While I’m trying to get all accounts, which received message from foo@gmail.com
. I want to know about the performance of two following query.
SELECT * FROM account WHERE account_id in ( SELECT distinct account_id FROM message mes WHERE mes.sender = 'foo@gmail.com' )
or
SELECT distinct account.* FROM account acc INNER JOIN message mes ON mes.account_id = acc._id WHERE mes.sender = 'foo@gmail.com'
Thanks!
Advertisement
Answer
Always use the first query in such situations. Don’t use DISTINCT
inside an IN
clause subquery, though. Don’t try to tell the DBMS how to perform the IN
. (Well, a good DBMS should simply ignore the DISTINCT
and make up its own mind how to look up the rows.)
SELECT * FROM account WHERE account_id IN (SELECT account_id FROM message mes WHERE mes.sender = 'foo@gmail.com');
Ideally you’d have an index on message (sender, account_id)
. The message table itself wouldn’t even have to be read. The sender is looked up in the index, then all matching account IDs taken. With that you read the accounts and that’s it. Without an index this is probably much slower, but still: Read the message table once, pick up the distinct account IDs, then read the accounts. No big deal.
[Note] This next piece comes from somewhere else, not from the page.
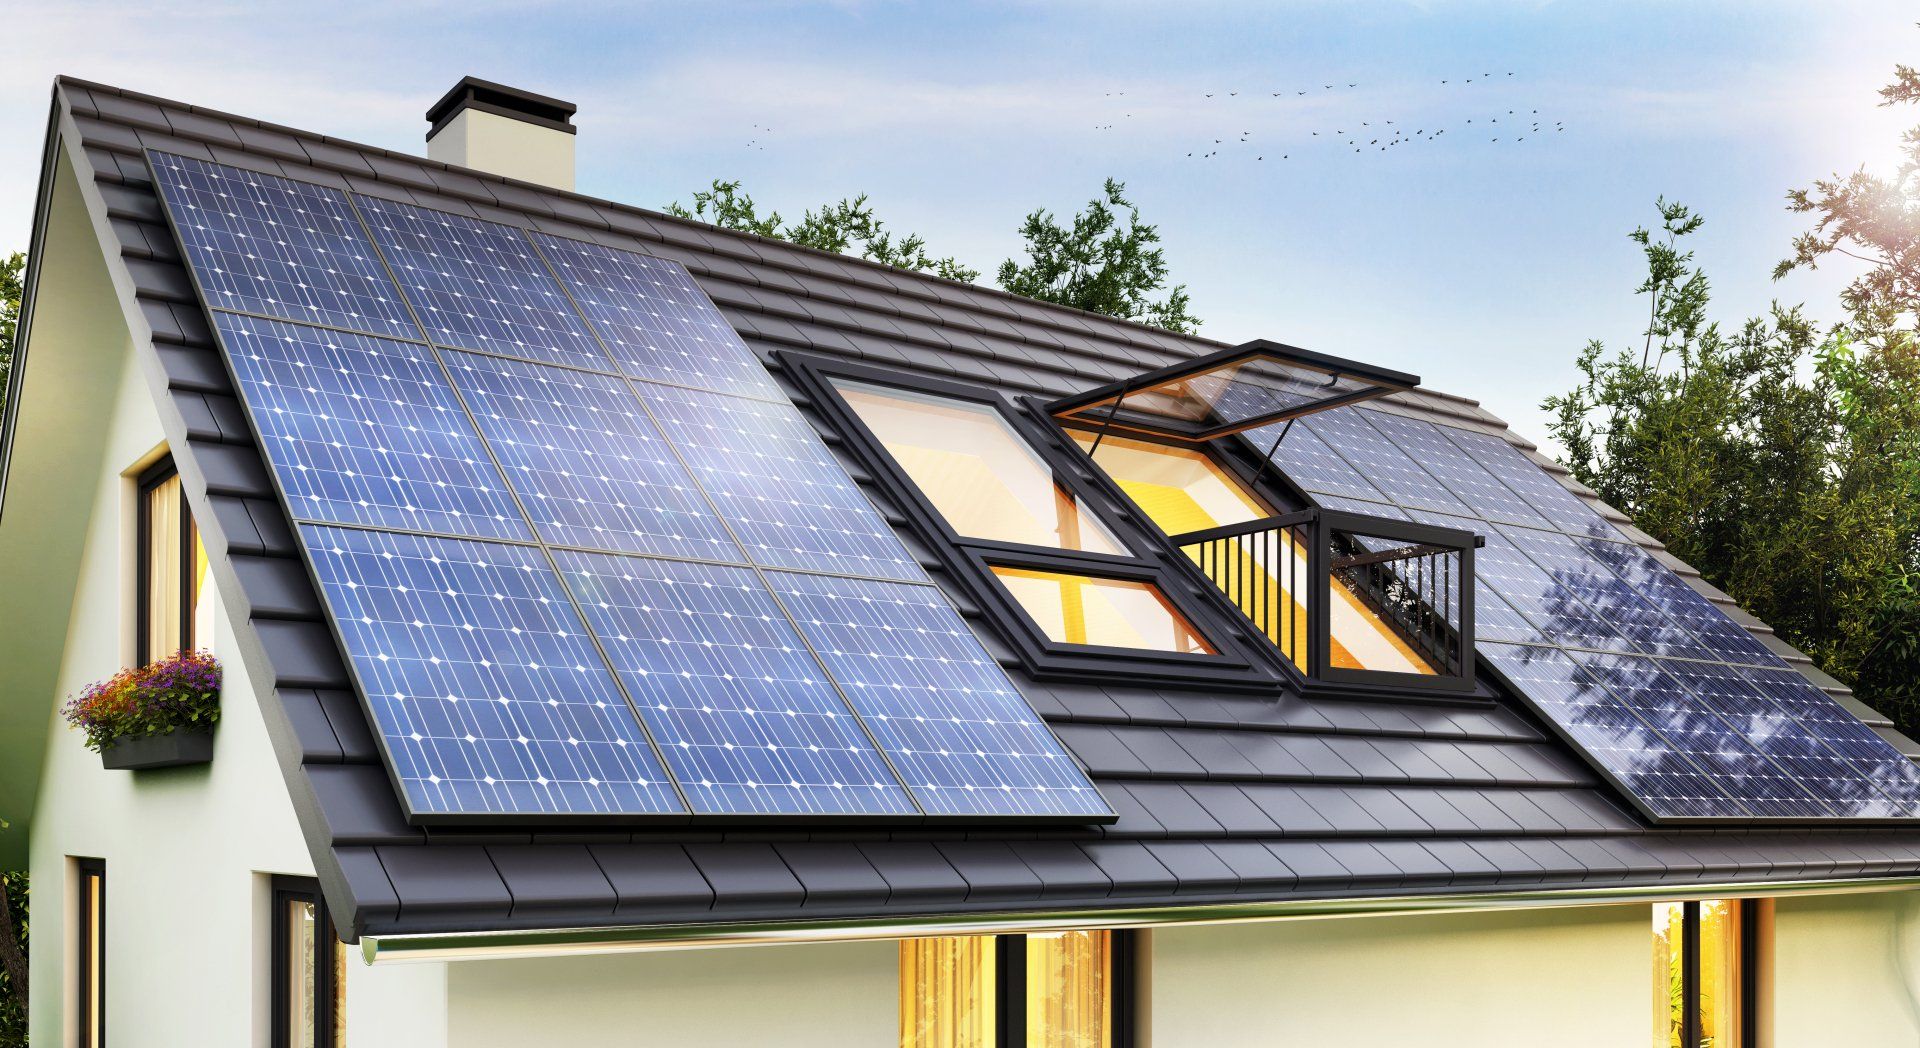 Do solar panels have health risks? Unrevealing the Truth

With a join instead you’d combine all messages with their accounts. This can be quite a big intermediate result, which must be sorted to get distinct rows. A costly operation. And even if the DBMS is great with joins and sorting and does this extremely fast, then it can still use this same approach for the simple query with the IN
clause. It’s up to the DBMS to make a good plan and a perfect DBMS would come up with exactly the same plan for the two queries 🙂
My advice: Only join when you are interested in the joined result. In your case you are not. You are interested in accounts matching some criteria, so write the query accordingly. Don’t mutilate your queries, because of thinking the DBMS will use another slick approach then. It may even do this in the current DBMS version and stop doing this with the next update. Keep your queries as readable as possible. If you want accounts where a certain messages exists, use WHERE
with EXISTS
or IN
. This is how SQL is supposed to be written.